Tonight I got some more done on the double knitted jacket, but also had some more depressing thoughts about it. More on that tomorrow.

KTS: strategy development by Katherine Hajer

The first day of KTS had a lot of opportunities for reaching goals. It also had some conclusions that were, well, shitty.

After a good discussion with the ever-practical J-A last night, I did a rough sort of the projects into two categories: "easy to knit in public/socially" and "headbreakingly difficult".

Easy to knit in public/socially means:
  • small enough to carry around comfortably
  • able to talk to other people and knit without screwing up the pattern
  • not so weird-looking that strangers on the subway will keep asking what the hell it is
Headbreakingly difficult means:
  • the project and/or amount of yarn needed to be on hand is too large to carry around comfortably in a garbage bag
  • the knitter is slave to the pattern, needing to check the instructions several times per round/row
  • the project has previously encouraged strangers on the subway to ask what the hell it is
The current strategy is to keep one project in the "easy" category in a small bag and take it out in public/socially. The first project up for this are the "hearts and harps" socks, whose proper pattern name is "Kristi":
Since this photo was taken on the weekend, I've got one more motif repeat done. One more repeat after that and some toe shaping, and I should have a finished sock to blog about. Which means... I'll be at the 50% mark with that particular project.

I picked the double knitted jacket as the difficult project.
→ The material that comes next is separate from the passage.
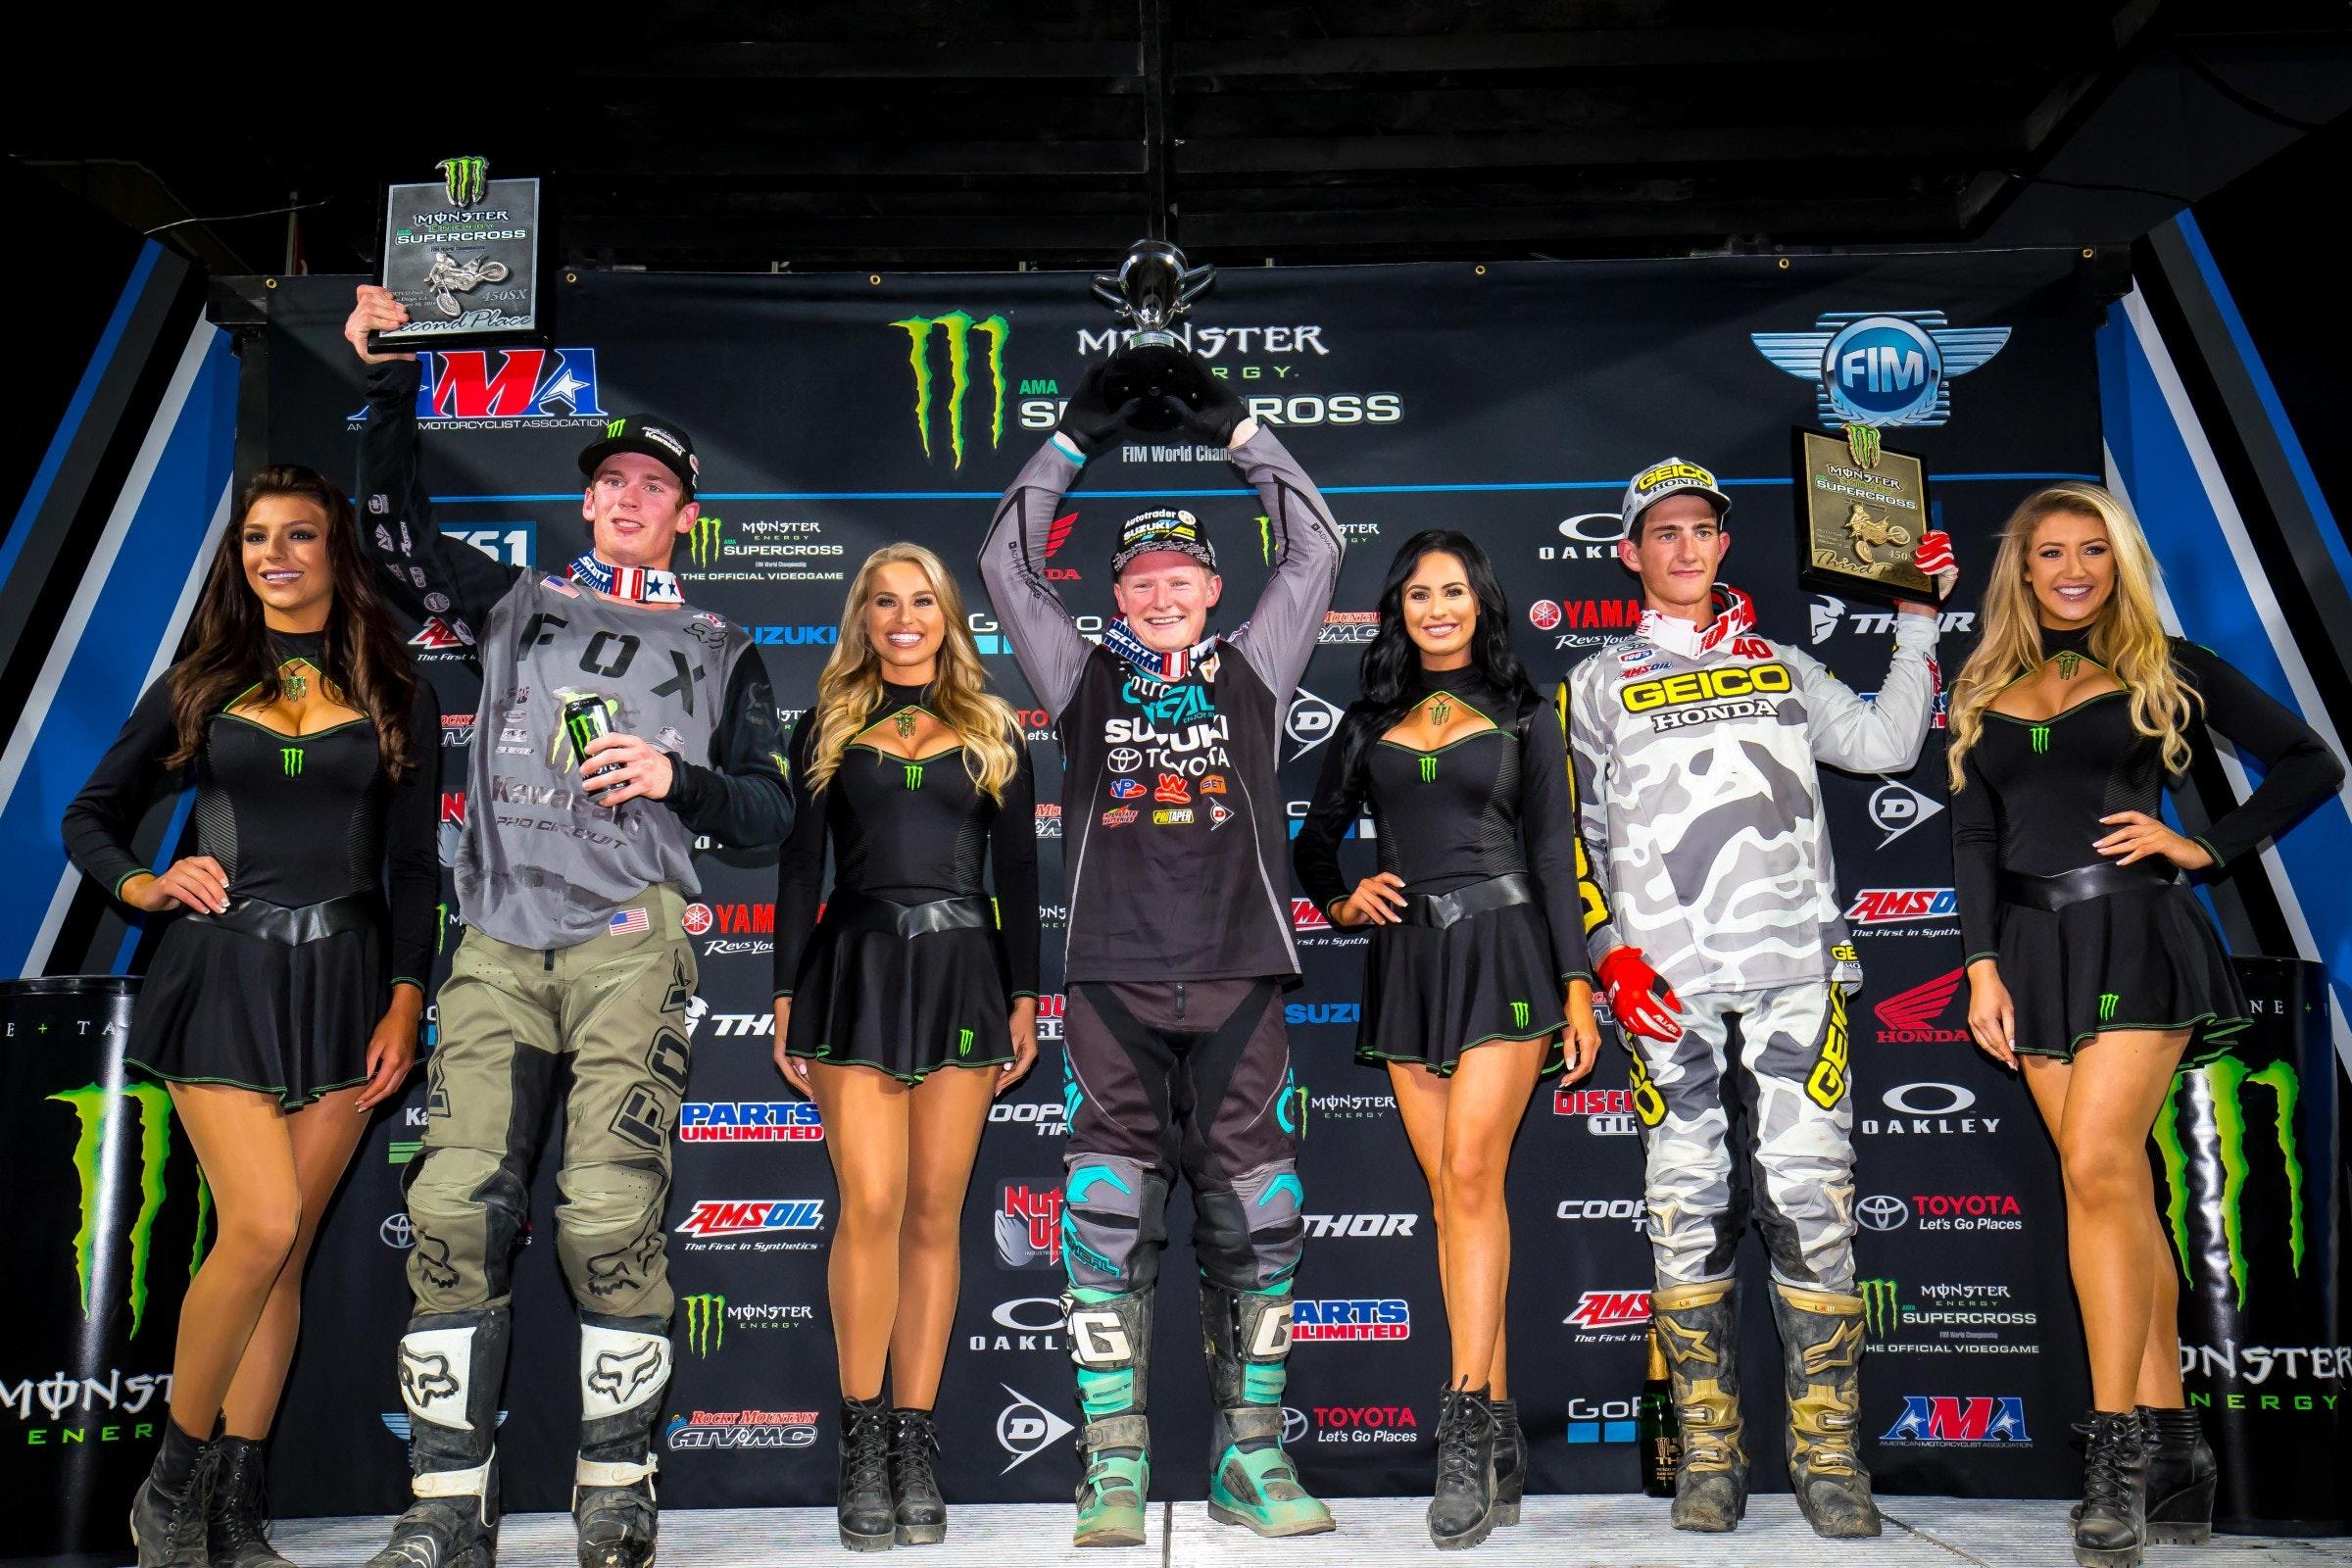 Adam Cianciarulo liderou um monte de voltas, Hill ganhou sua primeira vitória da temporada, e o novato Chase Sexton ganhou seu segundo pódio de carreira supercross.

It really is freaking difficult, and tedious, and heavy, and impossible to work on when there are other people around. I've tried in the past, and I always wind up ripping out what I did. On 420 stitches, that is no fun. Each row of that thing takes over half an hour.
On the other hand, unlike some of the other stuff on this list, I'm looking forward to wearing this one.

This isn't going to be a series of daily "ta-da" moments. This is going to be more like watching a marathon or the Tour de France. Except, you know, knitting. Stay tuned...

and so it begins by Katherine Hajer

When the film Julie & Julia came out, some of my friends were very insistent that I see it.

"It'll be inspiring," they said.

"It'll give you confidence you can be published," they said.

Instead I sat through a film that was all about getting published thanks to an almost always-supportive husband (which I don't have), and thanks to a blog written in 2002 (which I didn't have, and it's not 2002 anymore). Although I thought Julie Powell's Project was super-cool, it was pretty depressing as far as "inspiring" films go.

But since Nora Ephron passed away recently, it reminded me that I always wanted to give the Julie and Julia book a go, so I read it this past weekend.

And it was still depressing, for much the same reasons.

But, because I finished these socks during the same weekend, it gave me an idea for a Project of my own. So I went around the apartment, gathered all the stuff I already had on the needles (or hook), and made a blog page, and a title.

I called it Knit That Shit (and Crochet, Too!). The goal is to get all the stuff in the photos done before 1 January 2013. So I have almost exactly six months to finish the fourteen projects I already have on the go. I also have beading and sewing stuff to do, but those will be kind of... bonus things.

Usually I keep my posts pretty G-rated (but not always), but it was the only catchy thing I could think of that had the appropriate attitude. Besides, it goes with the whole Julie & Julia aesthetic.

If I'm going to make this work, I'm going to have to check in once a week day and whenever I finish something. I doubt very much this will lead to a book deal, but it will definitely lead to a tidier apartment, and I'm all for that.